● EXERCISE: Every line of the listing below should be written out exactly, minus its images.

● DATASET EXCERPT:
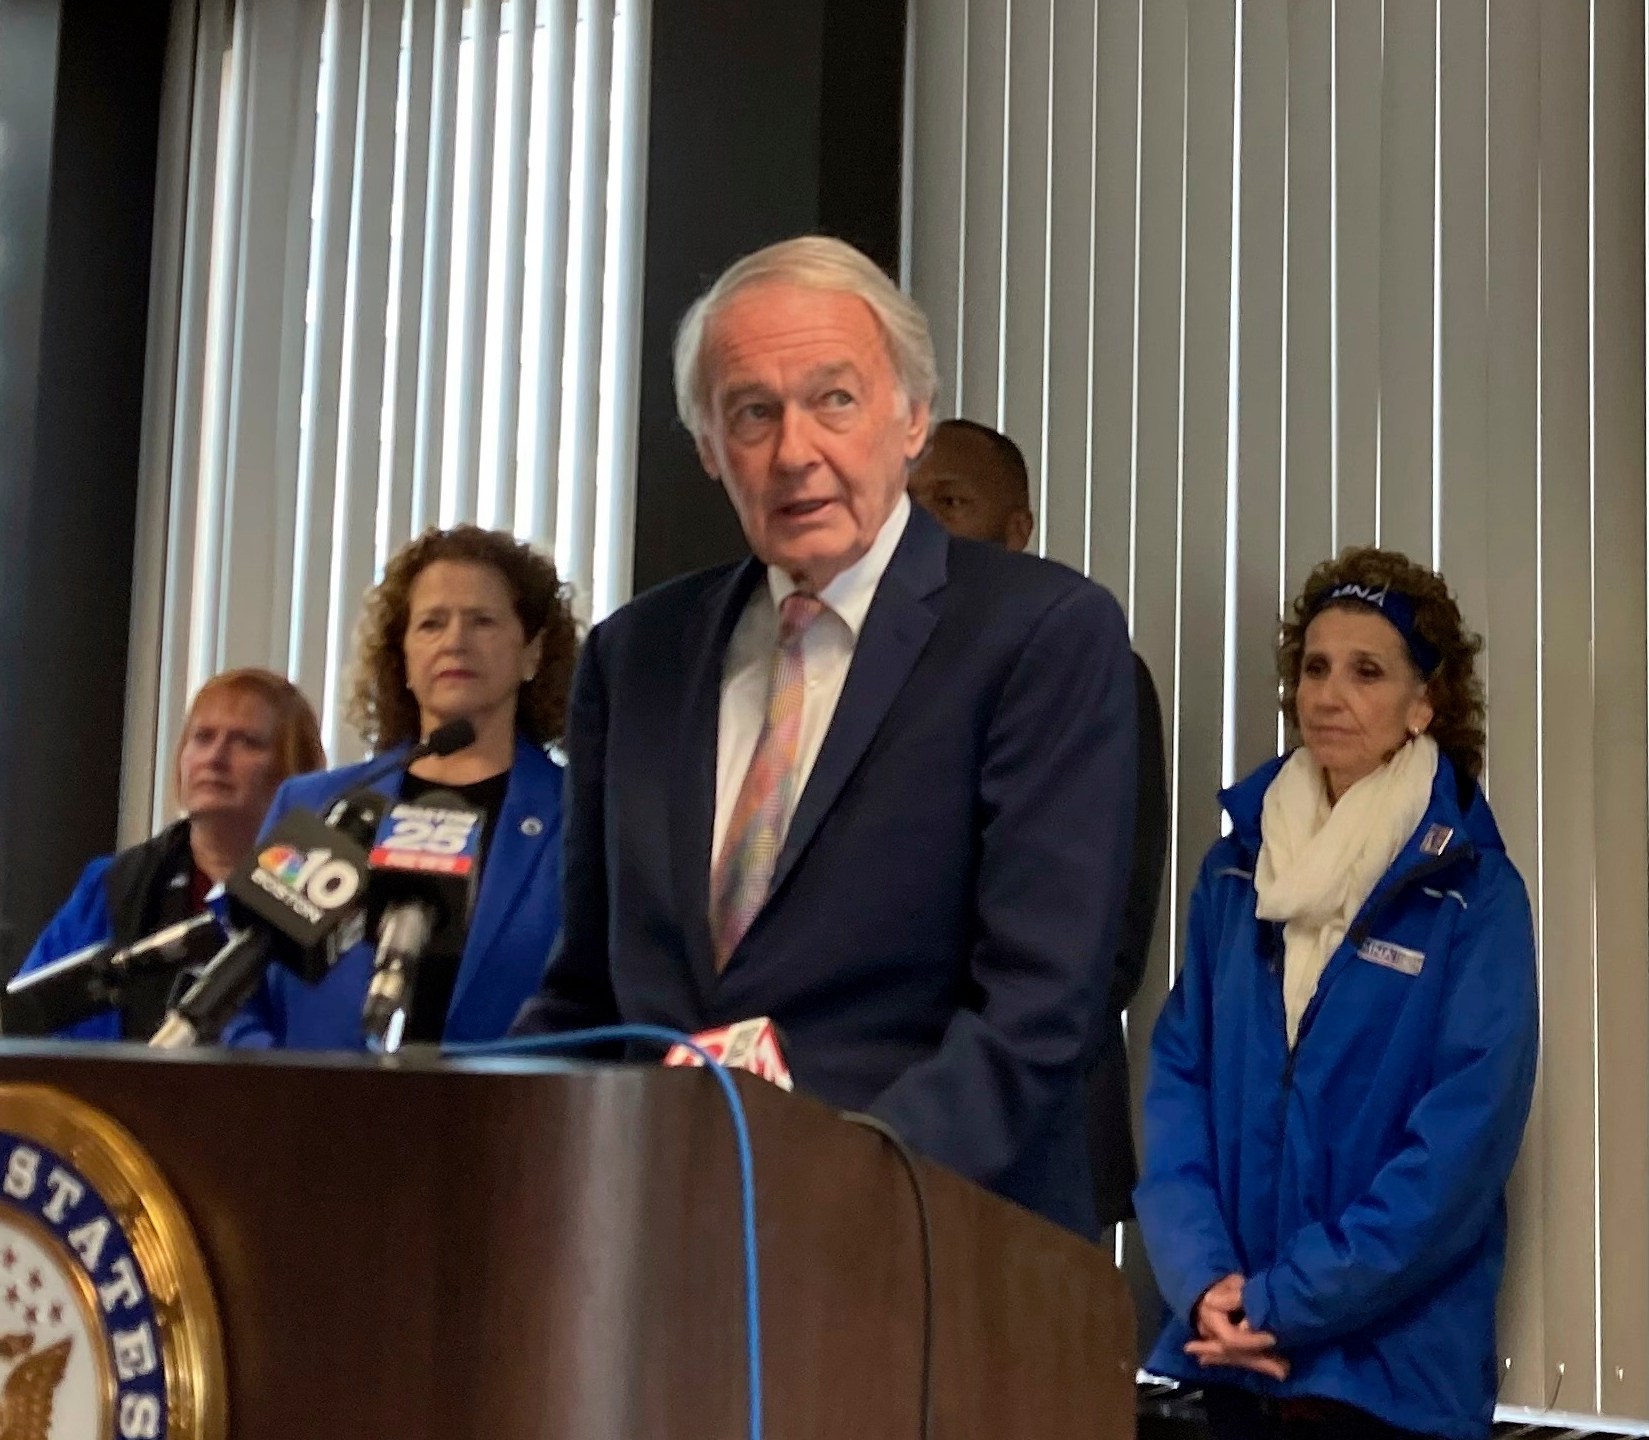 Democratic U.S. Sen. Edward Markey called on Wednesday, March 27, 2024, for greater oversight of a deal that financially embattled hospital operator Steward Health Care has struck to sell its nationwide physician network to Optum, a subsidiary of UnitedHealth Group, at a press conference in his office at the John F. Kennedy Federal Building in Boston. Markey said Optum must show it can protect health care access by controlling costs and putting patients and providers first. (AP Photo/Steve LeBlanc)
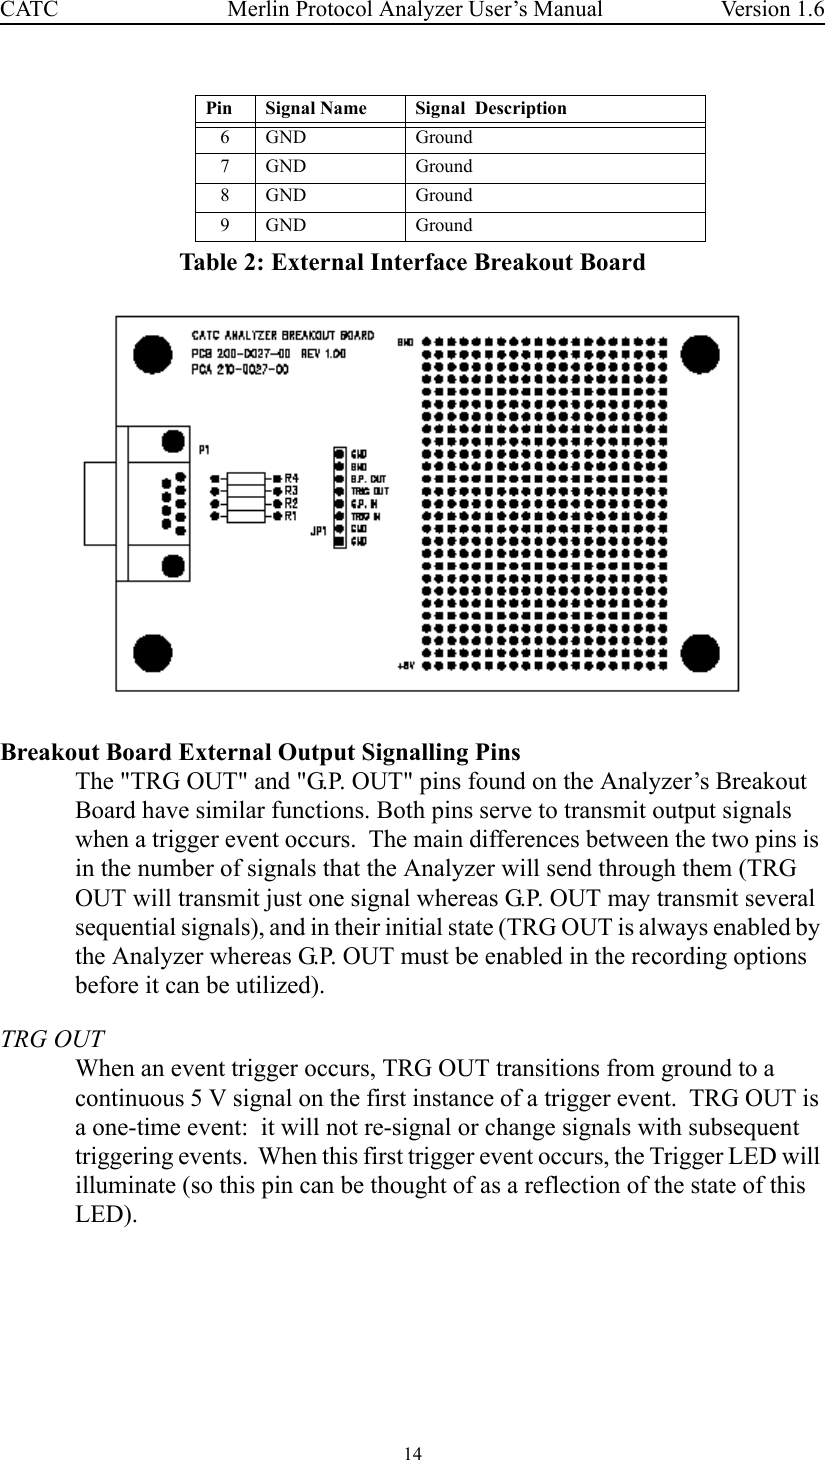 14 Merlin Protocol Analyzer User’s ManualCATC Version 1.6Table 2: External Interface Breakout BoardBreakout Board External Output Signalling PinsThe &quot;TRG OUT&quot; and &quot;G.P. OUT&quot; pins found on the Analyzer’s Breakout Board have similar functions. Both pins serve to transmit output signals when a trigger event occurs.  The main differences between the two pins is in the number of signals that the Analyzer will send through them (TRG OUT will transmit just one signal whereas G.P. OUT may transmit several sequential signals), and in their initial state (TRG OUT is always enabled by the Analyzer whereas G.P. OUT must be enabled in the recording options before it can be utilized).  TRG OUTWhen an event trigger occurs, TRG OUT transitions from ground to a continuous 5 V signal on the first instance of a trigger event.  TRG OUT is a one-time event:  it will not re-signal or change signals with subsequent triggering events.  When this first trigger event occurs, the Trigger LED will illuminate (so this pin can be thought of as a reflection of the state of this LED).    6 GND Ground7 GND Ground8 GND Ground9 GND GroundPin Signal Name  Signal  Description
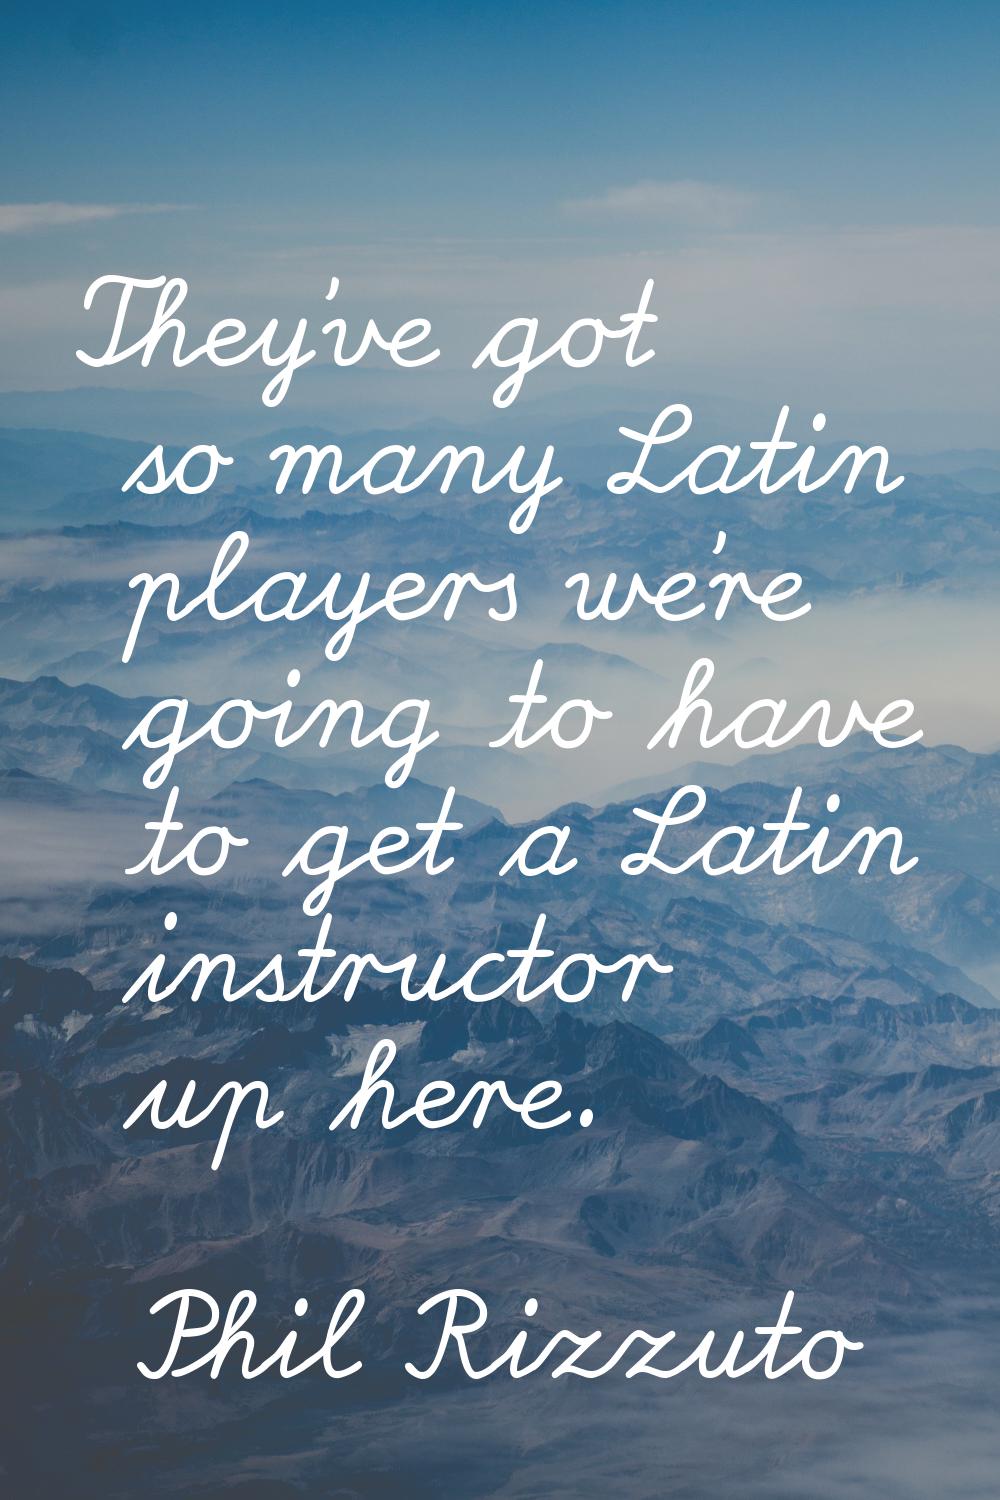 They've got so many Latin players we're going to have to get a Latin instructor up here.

● TASK RESULT:
 Democratic U.S. Sen. Edward Markey called on Wednesday, March 27, 2024, for greater oversight of a deal that financially embattled hospital operator Steward Health Care has struck to sell its nationwide physician network to Optum, a subsidiary of UnitedHealth Group, at a press conference in his office at the John F. Kennedy Federal Building in Boston. Markey said Optum must show it can protect health care access by controlling costs and putting patients and providers first. (AP Photo/Steve LeBlanc)
 14 Merlin Protocol Analyzer User’s ManualCATC Version 1.6Table 2: External Interface Breakout BoardBreakout Board External Output Signalling PinsThe &quot;TRG OUT&quot; and &quot;G.P. OUT&quot; pins found on the Analyzer’s Breakout Board have similar functions. Both pins serve to transmit output signals when a trigger event occurs.  The main differences between the two pins is in the number of signals that the Analyzer will send through them (TRG OUT will transmit just one signal whereas G.P. OUT may transmit several sequential signals), and in their initial state (TRG OUT is always enabled by the Analyzer whereas G.P. OUT must be enabled in the recording options before it can be utilized).  TRG OUTWhen an event trigger occurs, TRG OUT transitions from ground to a continuous 5 V signal on the first instance of a trigger event.  TRG OUT is a one-time event:  it will not re-signal or change signals with subsequent triggering events.  When this first trigger event occurs, the Trigger LED will illuminate (so this pin can be thought of as a reflection of the state of this LED).    6 GND Ground7 GND Ground8 GND Ground9 GND GroundPin Signal Name  Signal  Description
 They've got so many Latin players we're going to have to get a Latin instructor up here.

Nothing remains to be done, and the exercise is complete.